Merge pull request #239 from mistralai/add_patch_merger

juliendenize · web-flow · commit a4fe135b68c7 · 2025-03-20T14:37:46.000+01:00
Add support to Mistral Small 3.1
diff --git a/README.md b/README.md
@@ -15,6 +15,7 @@ Blog Mathstral 7B: [https://mistral.ai/news/mathstral/](https://mistral.ai/news/
 Blog Nemo: [https://mistral.ai/news/mistral-nemo/](https://mistral.ai/news/mistral-nemo/) \
 Blog Mistral Large 2: [https://mistral.ai/news/mistral-large-2407/](https://mistral.ai/news/mistral-large-2407/) \
 Blog Pixtral 12B: [https://mistral.ai/news/pixtral-12b/](https://mistral.ai/news/pixtral-12b/)
+Blog Mistral Small 3.1: [https://mistral.ai/news/mistral-small-3-1/](https://mistral.ai/news/mistral-small-3-1/)
 
 Discord: [https://discord.com/invite/mistralai](https://discord.com/invite/mistralai)\
 Documentation: [https://docs.mistral.ai/](https://docs.mistral.ai/)\
@@ -39,6 +40,8 @@ cd $HOME/mistral-inference && poetry install .
 
 ## Model download
 
+### Direct links
+
 | Name        | Download | md5sum |
 |-------------|-------|-------|
 | 7B Instruct | https://models.mistralcdn.com/mistral-7b-v0-3/mistral-7B-Instruct-v0.3.tar | `80b71fcb6416085bcb4efad86dfb4d52` |
@@ -54,16 +57,27 @@ cd $HOME/mistral-inference && poetry install .

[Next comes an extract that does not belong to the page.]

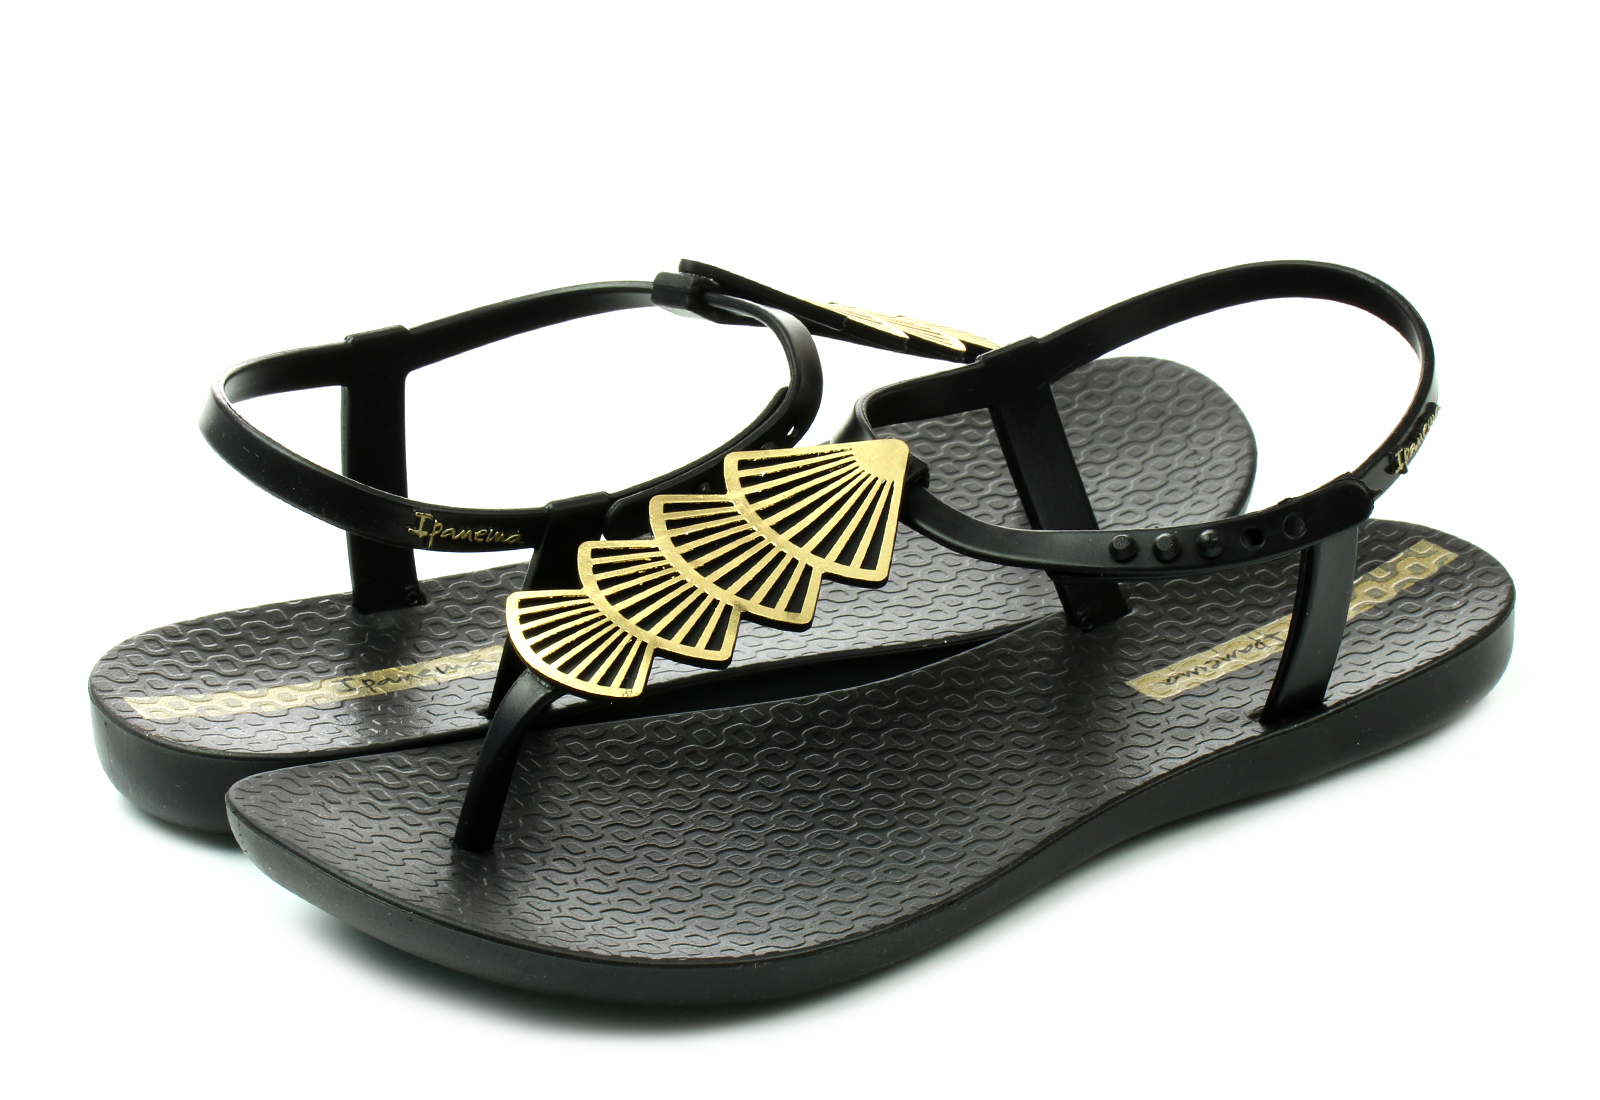 d385b2c06a Ipanema Szandál - Class Glam Ii - 26207-20766 - Office Shoes ...

 | Nemo Instruct | https://models.mistralcdn.com/mistral-nemo-2407/mistral-nemo-instruct-2407.tar | `296fbdf911cb88e6f0be74cd04827fe7` |
 | Mistral Large 2 | https://models.mistralcdn.com/mistral-large-2407/mistral-large-instruct-2407.tar | `fc602155f9e39151fba81fcaab2fa7c4` |
 
-Note: 
+Note:
 - **Important**:
   - `mixtral-8x22B-Instruct-v0.3.tar` is exactly the same as [Mixtral-8x22B-Instruct-v0.1](https://huggingface.co/mistralai/Mixtral-8x22B-Instruct-v0.1), only stored in `.safetensors` format
   - `mixtral-8x22B-v0.3.tar` is the same as [Mixtral-8x22B-v0.1](https://huggingface.co/mistralai/Mixtral-8x22B-v0.1), but has an extended vocabulary of 32768 tokens.

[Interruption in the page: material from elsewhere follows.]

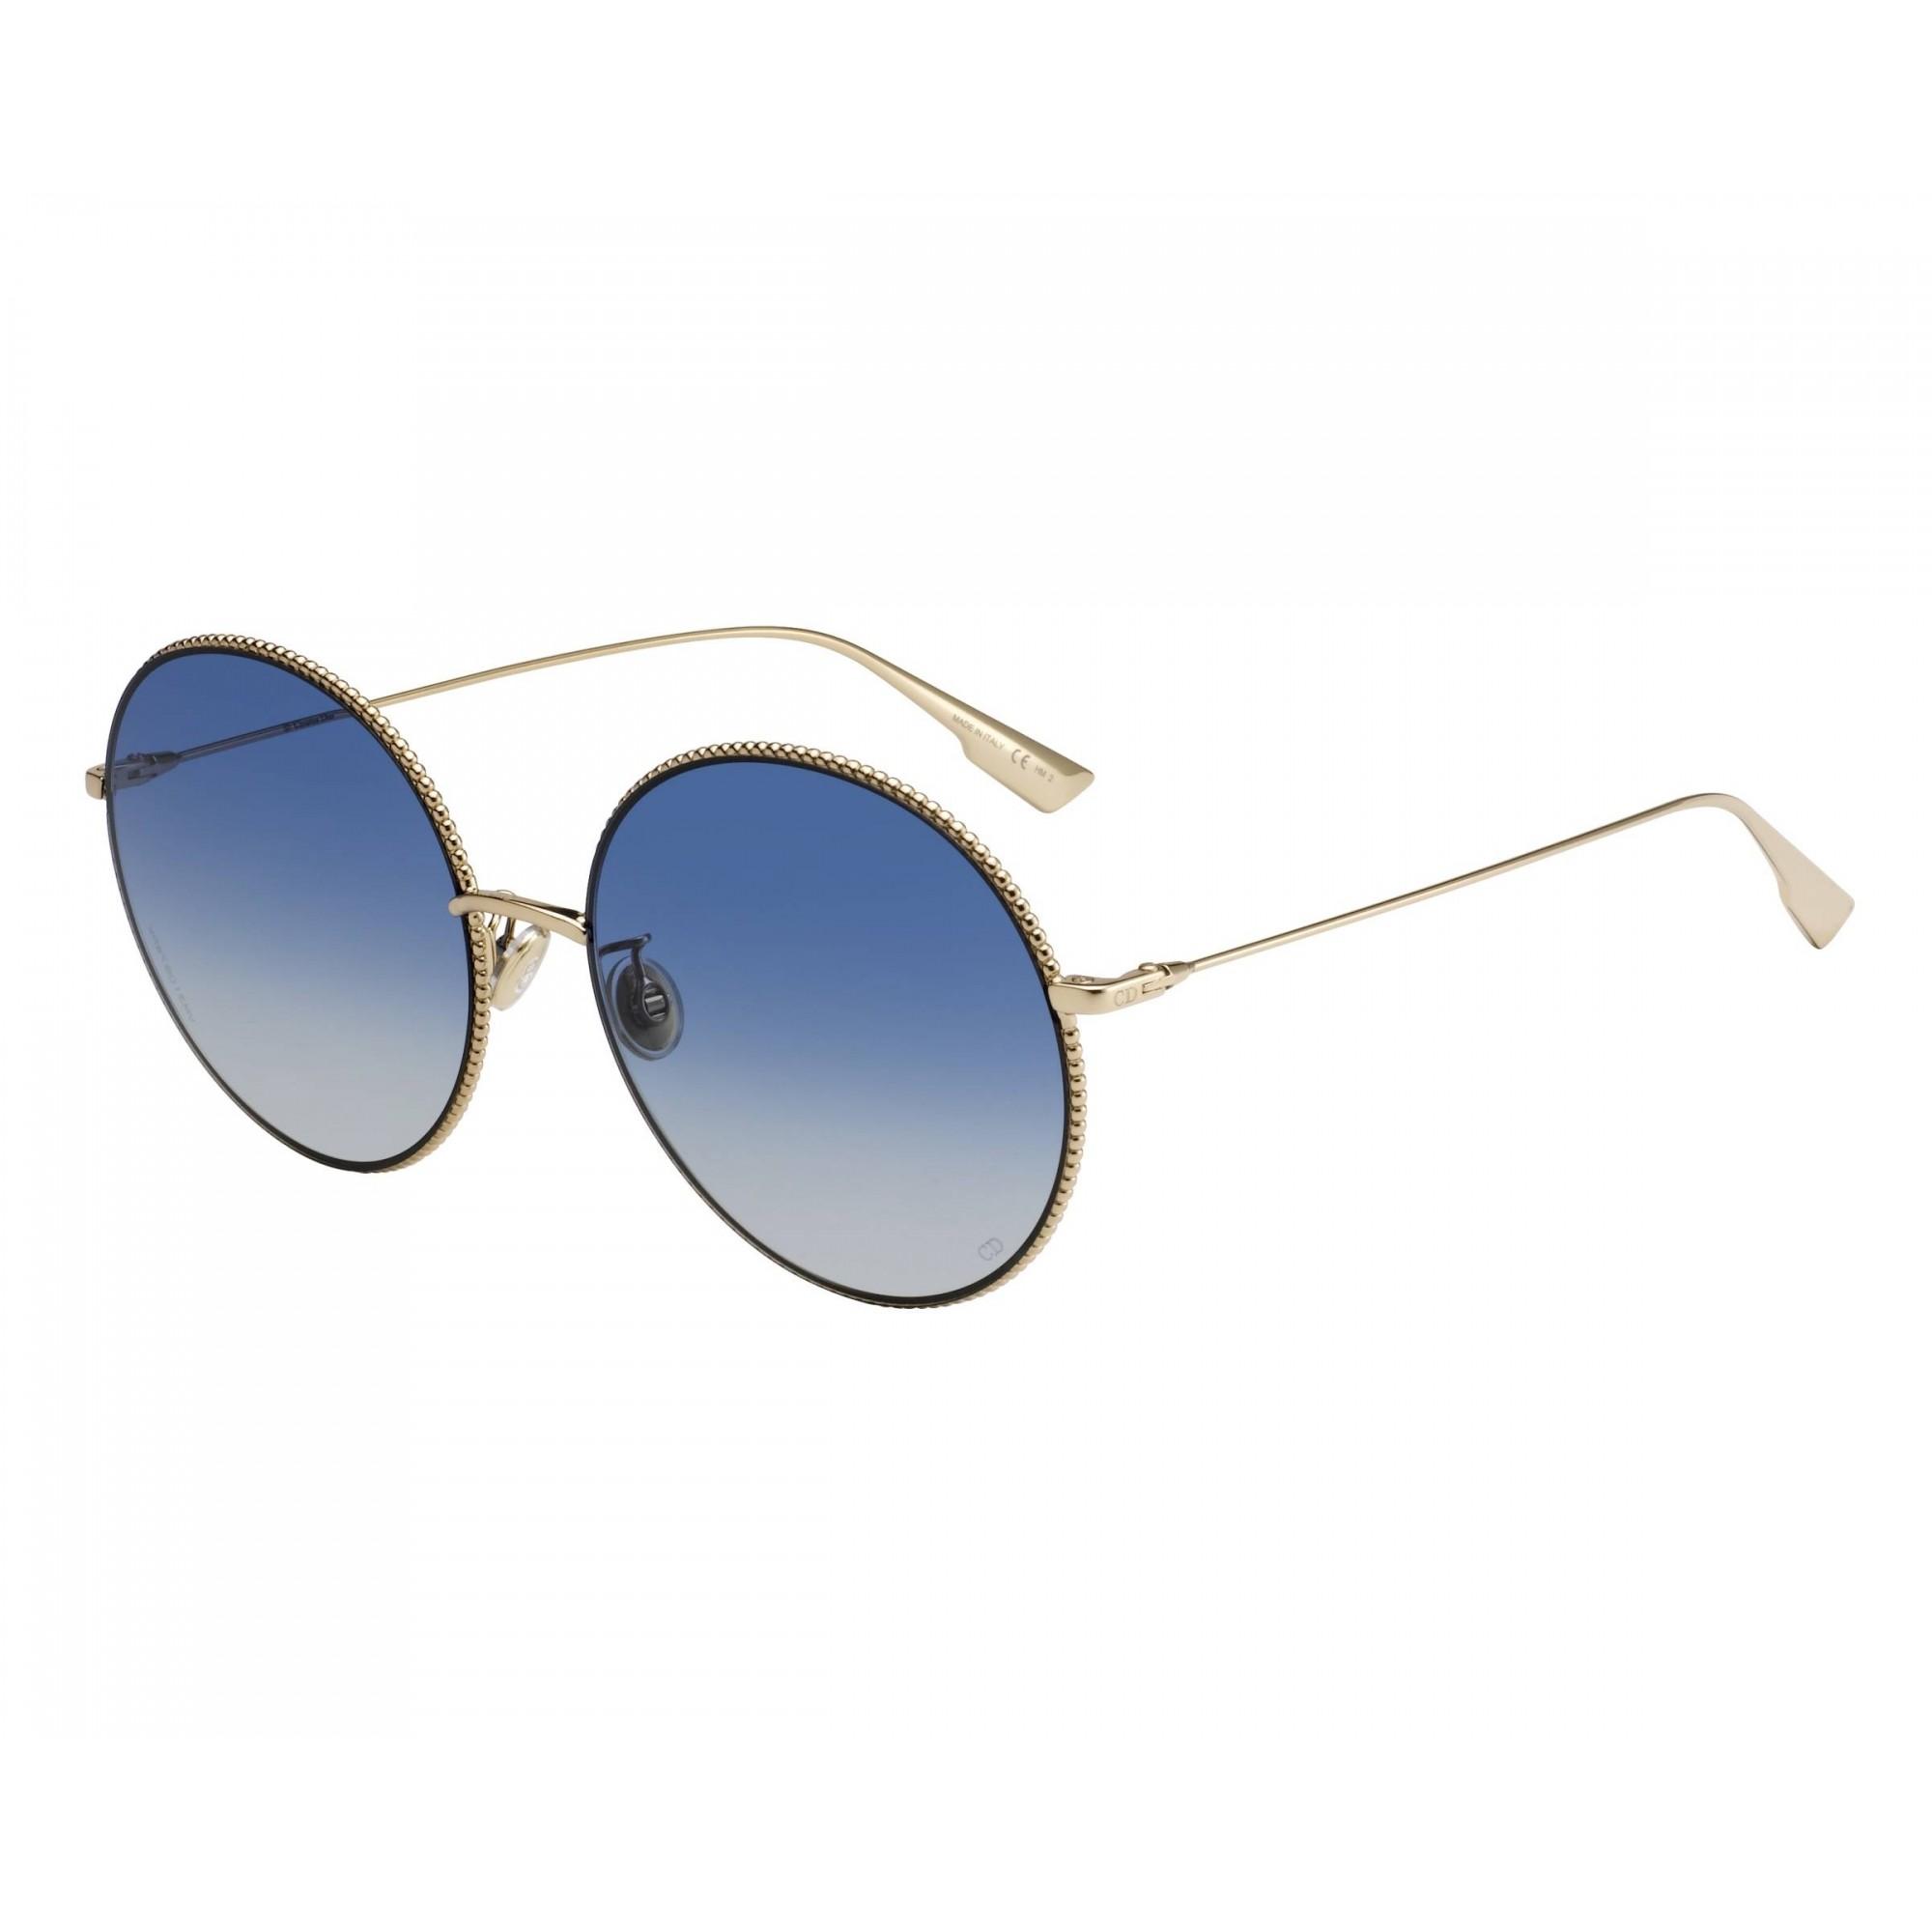 Óculos de Sol Dior Dourado DIORSOCIETY 2F - J5G/84/60

   - `codestral-22B-v0.1.tar` has a custom non-commercial license, called [Mistral AI Non-Production (MNPL) License](https://mistral.ai/licenses/MNPL-0.1.md)

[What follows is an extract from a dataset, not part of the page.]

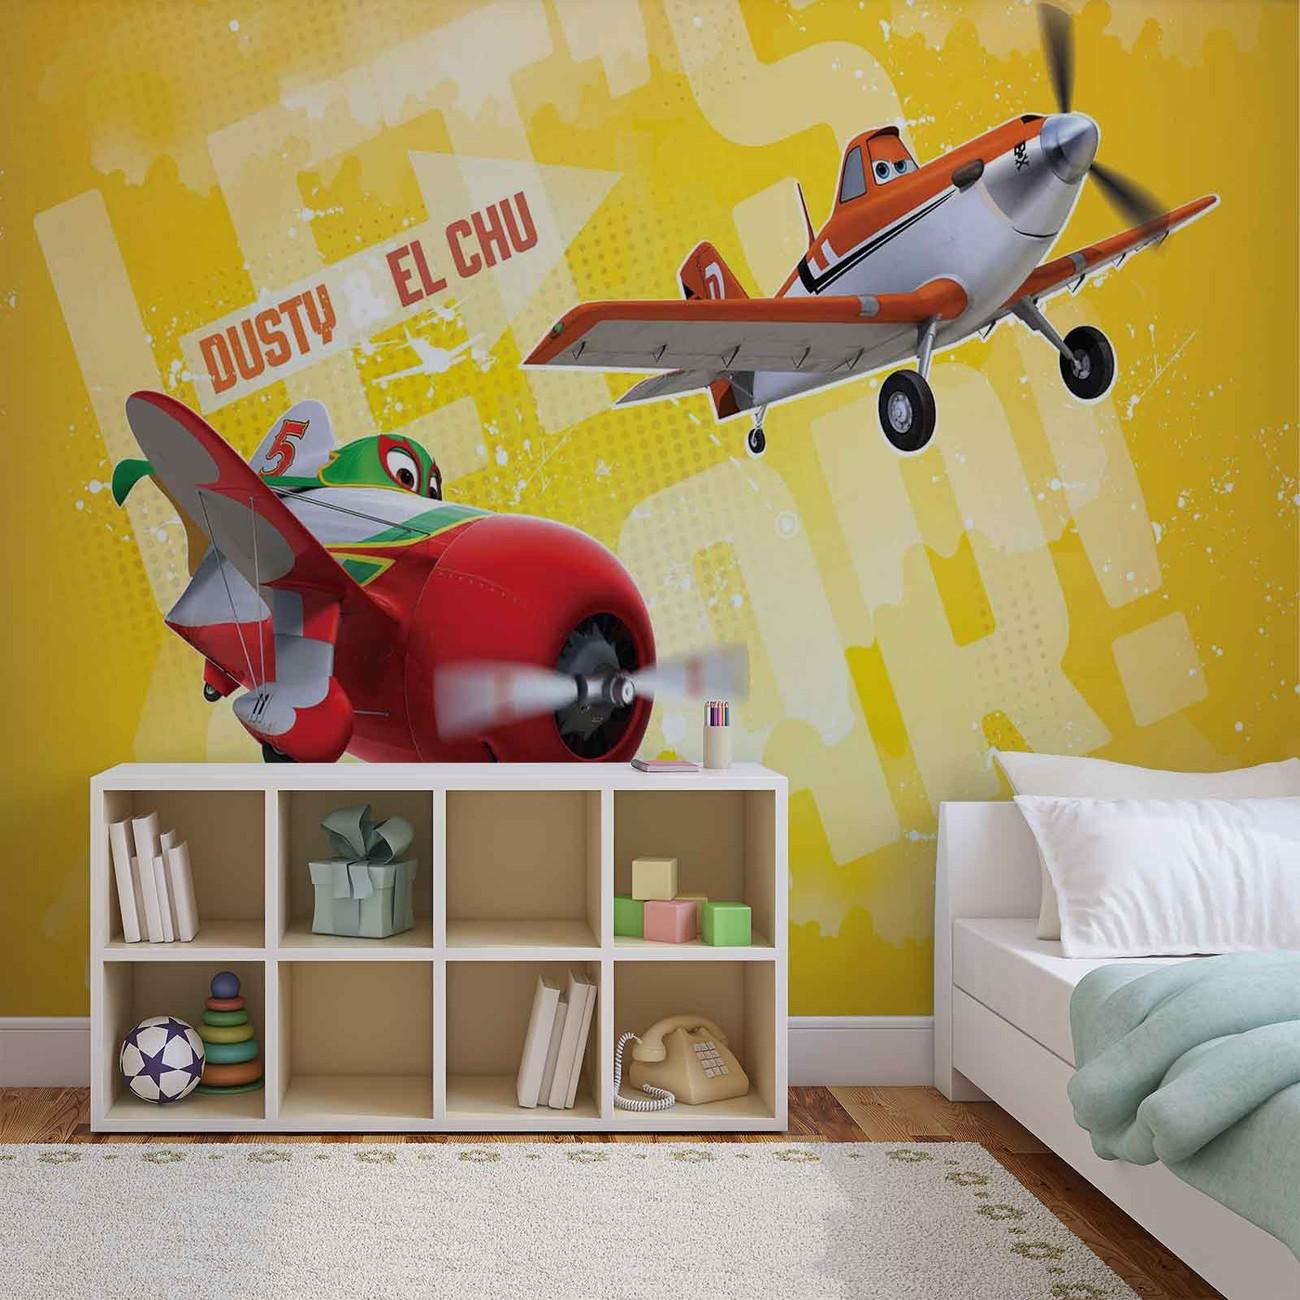 Disney Planes Wall Paper Mural   Buy at Abposters.com

   - `mistral-large-instruct-2407.tar` has a custom non-commercial license, called [Mistral AI Research (MRL) License](https://mistral.ai/licenses/MRL-0.1.md)
-- All of the listed models above support function calling. For example, Mistral 7B Base/Instruct v3 is a minor update to Mistral 7B Base/Instruct v2,  with the addition of function calling capabilities. 
-- The "coming soon" models will include function calling as well. 
+- All of the listed models above support function calling. For example, Mistral 7B Base/Instruct v3 is a minor update to Mistral 7B Base/Instruct v2,  with the addition of function calling capabilities.
+- The "coming soon" models will include function calling as well.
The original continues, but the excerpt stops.